Let me start by saying that most saltwater species are not picky eaters and many are often cannibals. Some may be a little more choosy , but most will eat anything that drifts by and doesn't try to eat them. Using cut bait is a cheap and effective way to catch more fish and to catch fish that don't regularly feed on worms and shrimp.

The first order of business if you want to use cut bait , is to catch a fish or , as a last resort , buy one from a tackle store. I advise against buying frozen fish for use as cut bait. Freshness is critically important. Personally , I like to start with bloodworms or shrimp and catch a small Spot or Sea Mullet to use for bait. Even better options would be to use lures to catch a small Bluefish or a snag rig to catch Menhaden.

Once you have a fish to use , it's time to get busy. Scale the fish and fillet it , then cut the fillets into one inch chunks. Alternatively , you can cut the fillets lengthwise into strips to add movement to your presentation. I like to run the hook through the piece of fish twice because it holds better.
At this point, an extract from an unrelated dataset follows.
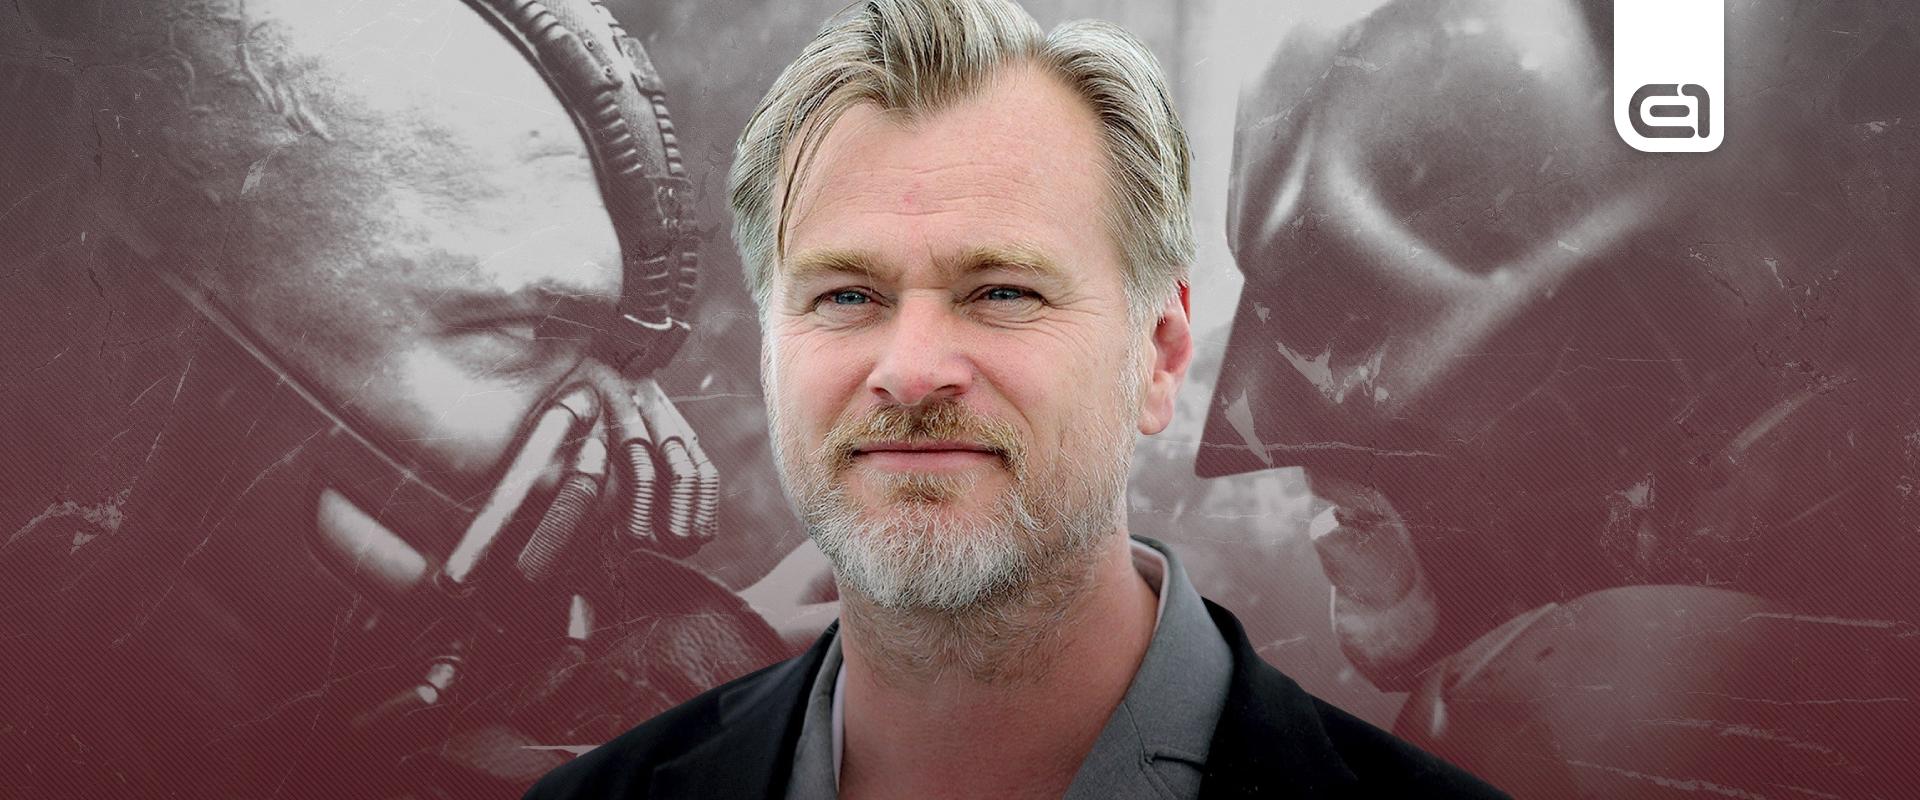 Nolan egyetlen filmje sem rohadt meg a Rotten Tomatoes oldalán, elképesztő a filmográfiája

Push the hook through the skin side first then turn the hook and push it back through. Keep the pieces you are not using in a cooler. Time to fish!

Just about any kind of fish will work as cut bait , but there are some that are better than others. Always make sure the fish you are using is a legal catch where you are fishing. My favorites have always been Spot , Menhaden , small Bluefish and Sea Mullets. Oily fish , such as the Menhaden and Bluefish , seem to attract more strikes , but the others will work just fine too.

It is very important to keep the bait you have in the water as fresh as possible. If I haven't had a strike in 20 minutes , I change my bait. After that amount of time the scent starts to wash out and the bait becomes less effective.

Save the heads of the fish you use for cut bait for use on fish finder rigs for larger species like the Red Drum , one of my favorite fish to catch and also one that will be discussed here on the blog in the next few weeks.

Have a great day!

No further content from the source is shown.